Google’s legal defeat at the hands of Fortnite maker Epic Games Inc. threatens to roil an app store duopoly with Apple Inc. that generates close to $200 billion a year and dictates how billions of consumers use mobile devices.
The loss — handed down by a San Francisco jury on Monday — is a blow to the two companies’ business model in apps, where they charge commissions of as much as 30% to software developers who typically have few other options. Google shares were down less than 1% in New York Tuesday morning at $132.62.
Epic has spent years railing against the practice and got a federal jury to agree that Alphabet Inc.’s Google unit had acted unfairly as a monopoly. The case is likely to accelerate the weakening of app store rules, which have already come under fire from regulators and lawmakers around the world.
“The dominoes are going to start falling here,” Tim Sweeney, chief executive officer of Epic, said in an interview after the verdict. “The end of 30% is in sight.”
Though Apple won a similar case against Epic in 2021, that ruling was made by a single judge. The nature of the Google suit — where a jury sided unanimously with Epic — let actual consumers weigh in on the world of smartphone apps. In under four hours of deliberations, they found that Google had engaged in anticompetitive conduct, harmed Epic and illegally forced its own billing system on developers.
There were other significant differences between the Apple and Google trials. During the current case, Epic highlighted agreements Google reached with top game developers, including Activision Blizzard Inc. and Nintendo Co., for smaller fees.
“Revenue sharing deals among Google, smartphone makers and game developers came to light during the trial,” Justin Patterson and other analysts at KeyBanc Capital Markets wrote in a note to clients. “We believe this was a key difference between the cases that contributed to Apple’s victory and Google’s loss.”

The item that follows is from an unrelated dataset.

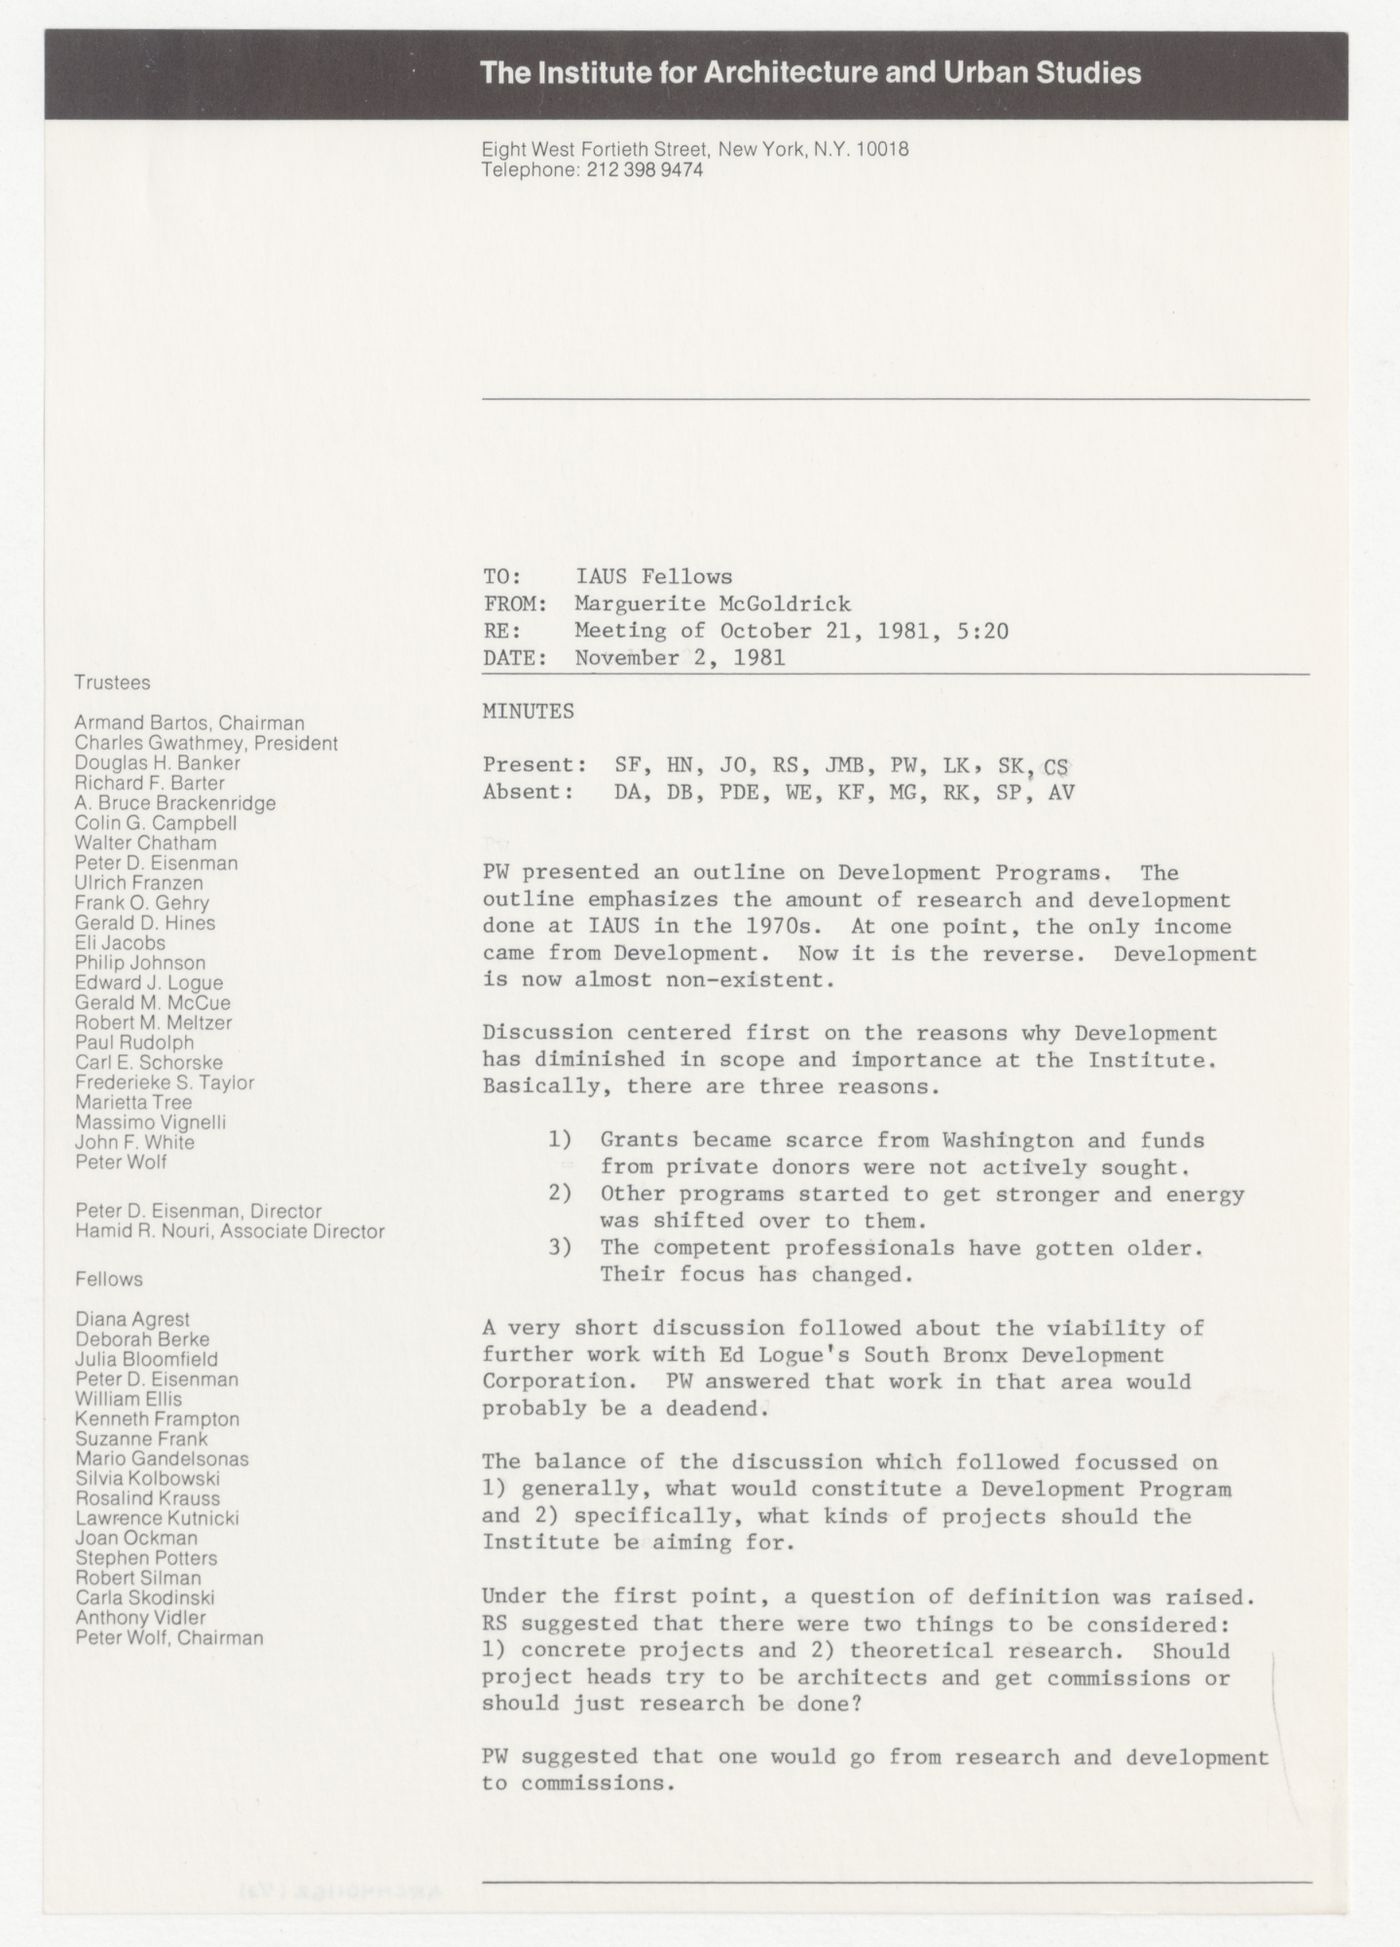 MInutes of meeting of the Fellows on October 21, 1981

In Apple’s App Store, the same 30% take rate was applied evenly, while Google was attempting to steer traffic away from rival app stores on Android, analysts at Jefferies wrote in a note. “Meanwhile, Apple simply does not allow any rival app stores whatsoever.”
The battle began in 2020, when Fortnite was kicked off the Apple and Google Play app stores because the game developer installed its own payment system. The idea was to bypass the up-to-30% revenue share that the two tech giants take from in-app purchases and subscriptions on their platforms. In response, Epic sued both companies.
Google also has drawn criticism for making side deals with big developers like Spotify Technology SA where it offers lower commissions. In Monday’s decision, the jury found that Google shouldn’t require Android app developers to use its billing system for software sold through its store — and that it shouldn’t offer custom agreements to certain developers.
“The immediate aftereffect is we will see a shift in the marketplace where big tech companies will have to make accommodations — whether it is more access, better terms, more options for developers — to stave off legal exposure,” said Paul Swanson, a partner at Holland & Hart who specializes in technology and antitrust law.
The case also underscores a sentiment among many consumers that major technology companies have gained too much power. Google also faced scrutiny from a Justice Department judge this fall over its power in search, though the outcome of that trial won’t be clear for months.
Epic’s Sweeney predicted that — as Google starts making changes to its operations and public pressure mounts — its app store peer will be forced to act as well. “The same thing will start happening with Apple,” he said.
And that will ultimately help consumers, Sweeney said. “The economics is real,” he said. “When you remove a 30% tax from an ecosystem, consumer prices will get better. Or quality will get better and selection will increase.”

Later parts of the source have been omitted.